United States District Court, D. Maryland, Southern Division

April 11, 2017

OFFICER GERALD L. FERREYRA, et al., Defendants.


          Paul W. Grimm United States District Judge.

         Plaintiff Nathaniel Hicks, a Secret Service agent, filed suit against Defendants Gerald L. Ferreyra and Brian Phillips, United States Park Police (“USPP”) officers, for detaining him without probable cause twice, first for an hour along the highway after he showed them his credentials, and then a second time shortly after the first. Compl., ECF No. 1. Special Agent Hicks claims that Defendants violated his Fourth Amendment rights. Id. Asserting qualified immunity, Defendants move to dismiss or for summary judgment insofar as Plaintiff's claim is based on the first detention. ECF No. 37.[1] Because it is not clear from either the pleadings or the scant record currently before me that Defendants had probable cause for Plaintiff's continued detention during the first stop, I will deny the motion.


         Plaintiff alleges that on July 11, 2015, while working as a Secret Service agent, he was in a Secret Service-issued vehicle on the shoulder of Interstate 295 North, waiting to accompany the motorcade for Department of Homeland Security Secretary Jeh Johnson. Compl. ¶¶ 2-4. Officer Ferreyra, who was in uniform at the time, pulled over behind Plaintiff and approached his vehicle with his weapon drawn. Id. ¶ 5. According to Officer Ferreyra, Special Agent Hicks “was dressed in civilian clothes” and asleep in an unmarked vehicle that “was unwashed and had a damaged exterior, ” with “a loaded handgun lying on the passenger seat.” Ferreyra Aff. ¶¶ 4-8. Special Agent Hicks claims that he “immediately and calmly identified himself as a United States Secret Service Agent” and then “provided his federal law enforcement credentials to Officer Ferreyra, ” who inspected them, and Hicks “explained that he was on-duty and waiting to lead an official motorcade of a Secret Service protectee.” Compl. ¶¶ 6-7.

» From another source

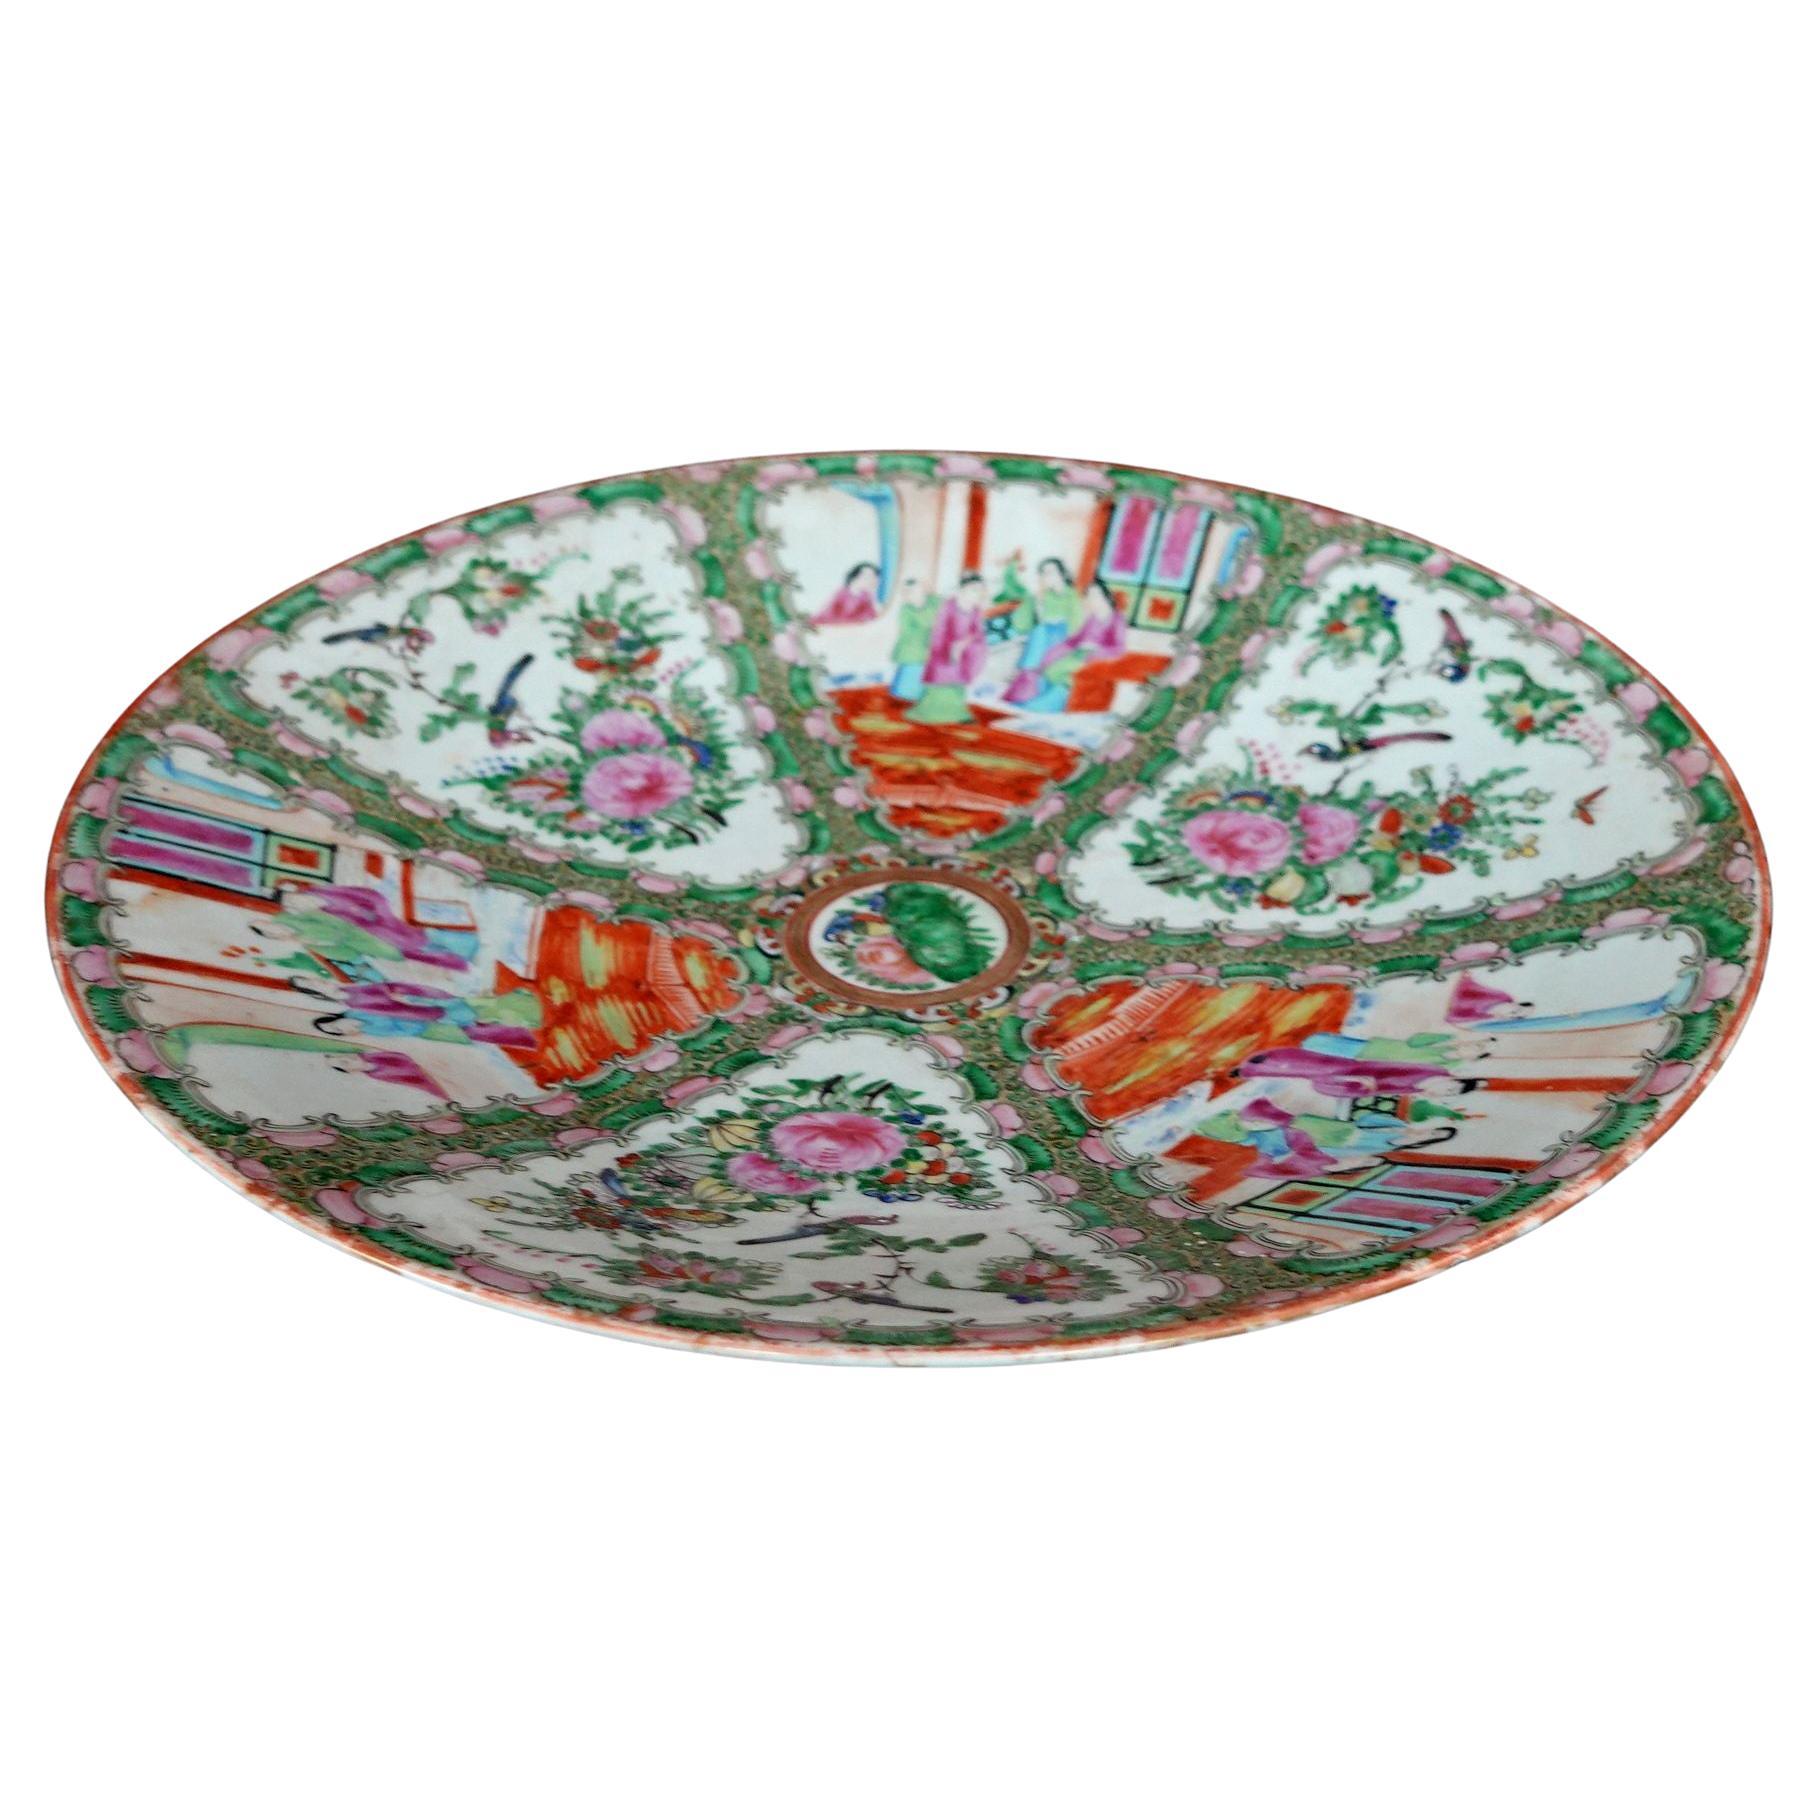 Large Chinese Rose Medallion Porcelain Plate, Ric 057

         Special Agent Hicks contacted his supervisors by phone, Officer Phillips arrived to assist Officer Ferreyra, and Officer Phillips “told [Plaintiff] that he did not care” that Plaintiff's “supervisor was on the line.” Id. ¶¶ 35-36. Both officers “acknowledg[ed] that Special Agent Hicks was, in fact, a federal law enforcement agent with the Secret Service.” Id. ¶¶ 7-8. Yet, they continued to detain him for an hour, during which time the motorcade passed and they would not allow the agent to join it. Id. ¶¶ 7-12. Then, USPP Sergeant T. F. Wallace arrived and “spoke with Special Agent Hicks's supervisor (who was still on the line), admitted that Offericers Ferreyra and/or Phillips had told him that Special Agent Hicks was a federal law enforcement officer.” Id. ¶ 43. After that, Plaintiff was released. Id. ¶ 44. Plaintiff claims that, in detaining him for an hour after he provided his credentials, Defendants violated his Fourth Amendment rights. Id. ¶¶ 55-57. Defendants insist that they are entitled to qualified immunity, and move to dismiss or, alternative, for summary judgment on that basis.

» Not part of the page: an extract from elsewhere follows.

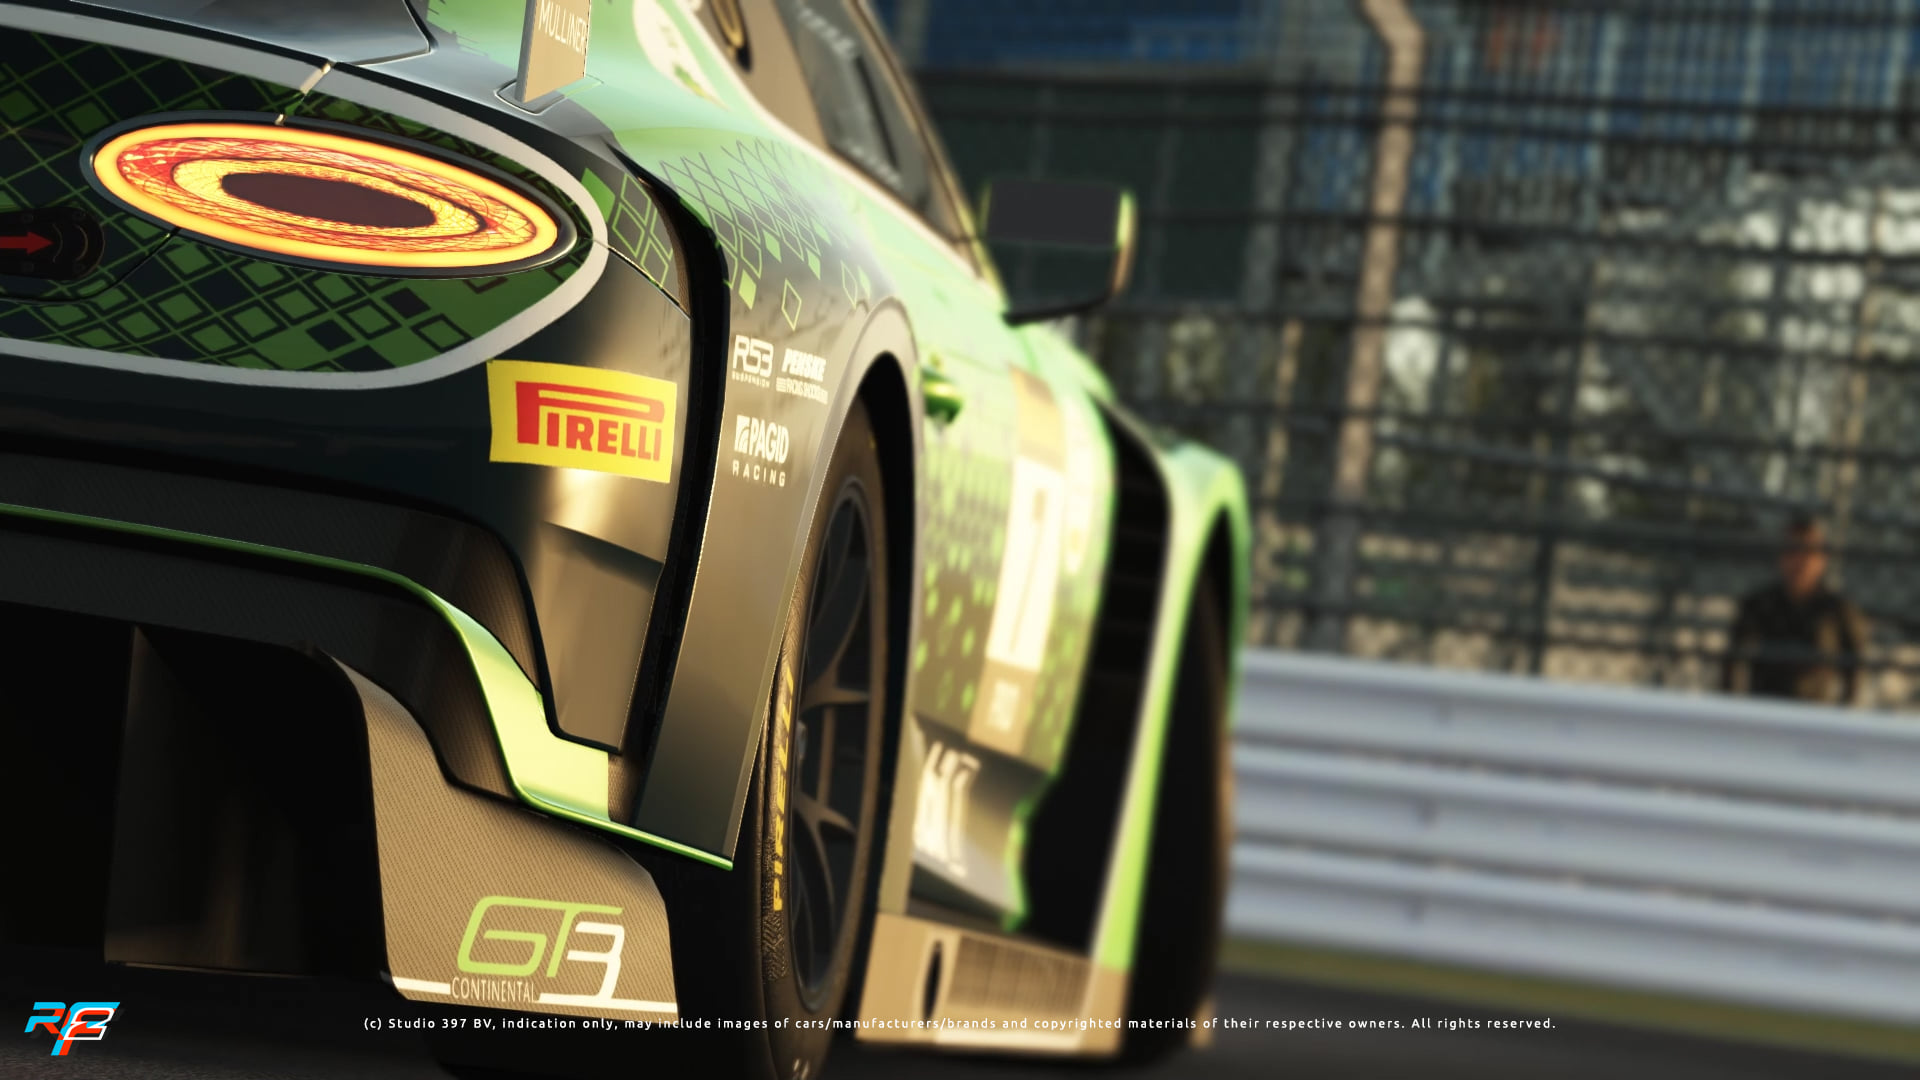 More information about "rFactor 2: in arrivo la Bentley Continental GT3, in un nuovo video"

         Standard of Review

         Under Rule 12(b)(6), Plaintiff's Complaint is subject to dismissal if it “fail[s] to state a claim upon which relief can be granted.” Fed.R.Civ.P. 12(b)(6). A complaint must contain “a short and plain statement of the claim showing that the pleader is entitled to relief, ” Fed.R.Civ.P. 8(a)(2), and must state “a plausible claim for relief, ” Ashcroft v. Iqbal, 556 U.S. 662, 678-79 (2009). “A claim has facial plausibility when the plaintiff pleads factual content that allows the court to draw the reasonable inference that the defendant is liable for the misconduct alleged.” Iqbal, 556 U.S. at 678. Rule 12(b)(6)'s purpose “is to test the sufficiency of a complaint and not to resolve contests surrounding the facts, the merits of a claim, or the applicability of defenses.” Velencia v. Drezhlo, No. RDB-12-237, 2012 WL 6562764, at *4 (D. Md. Dec. 13, 2012) (quoting Presley v. City of Charlottesville, 464 F.3d 480, 483 (4th Cir. 2006)).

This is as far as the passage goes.